Net loss: Net loss was $32.0 million, or ($0.32) per share, for the second quarter of 2016 and $66.6 million, or ($0.67) per share, for the six months ended June 30, 2016, compared to a net loss of $32.4 million, or ($0.33) per share and $62.5 million, or ($0.65) per share for the comparable periods in 2015.
Financial Guidance: Celldex believes that the cash, cash equivalents and marketable securities at June 30, 2016 combined with the anticipated proceeds from future sales of our common stock under our $60 million sales agreement with Cantor Fitzgerald & Co. are sufficient to meet estimated working capital requirements and fund planned operations through 2018.
Webcast and Conference Call
Celldex executives will host a conference call at 4:30 p.m.
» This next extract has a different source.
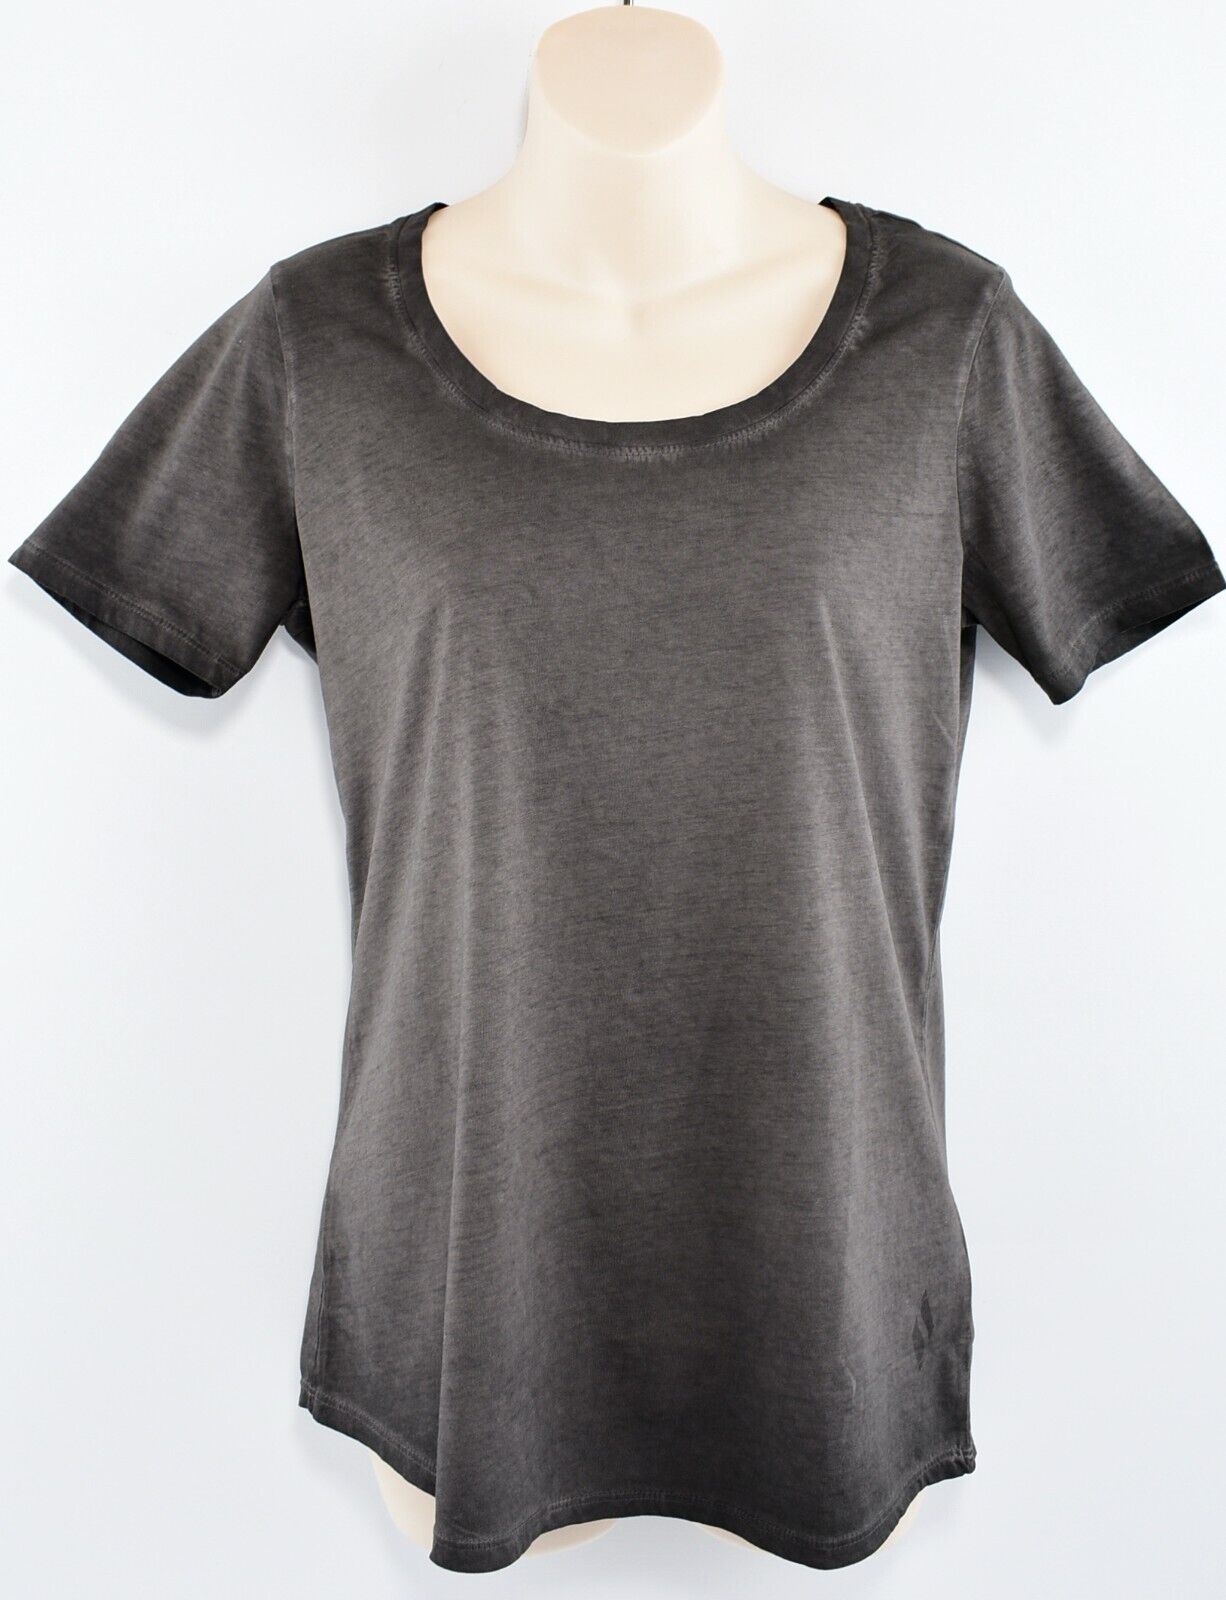 SKECHERS Women's Tunic Tee, T-shirt, Washed Black, size XL

ET today to discuss financial and business results and to provide an update on key 2016 objectives. The conference call and presentation will be webcast live over the Internet and can be accessed by going to the "Events & Presentations" page under the "Investors & Media" section of the Celldex Therapeutics website at www.celldex.com. The call can also be accessed by dialing (866) 743-9666 (within the United States) or (760) 298-5103 (outside the United States). The passcode is 53265640.
A replay of the call will be available approximately two hours after the live call concludes through August 15, 2016. To access the replay, dial (855) 859-2056 (within the United States) or (404) 537-3406 (outside the United States). The passcode is 53265640. The webcast will also be archived on the Company's website.
RINTEGA® is a registered trademark of Celldex Therapeutics. Opdivo® and Yervoy® are registered trademarks of Bristol-Myers Squibb. Sutent® is a registered trademark of Pfizer. Tecentriq® is a registered trademark of Genentech. Hiltonol® is a registered trademark of Oncovir.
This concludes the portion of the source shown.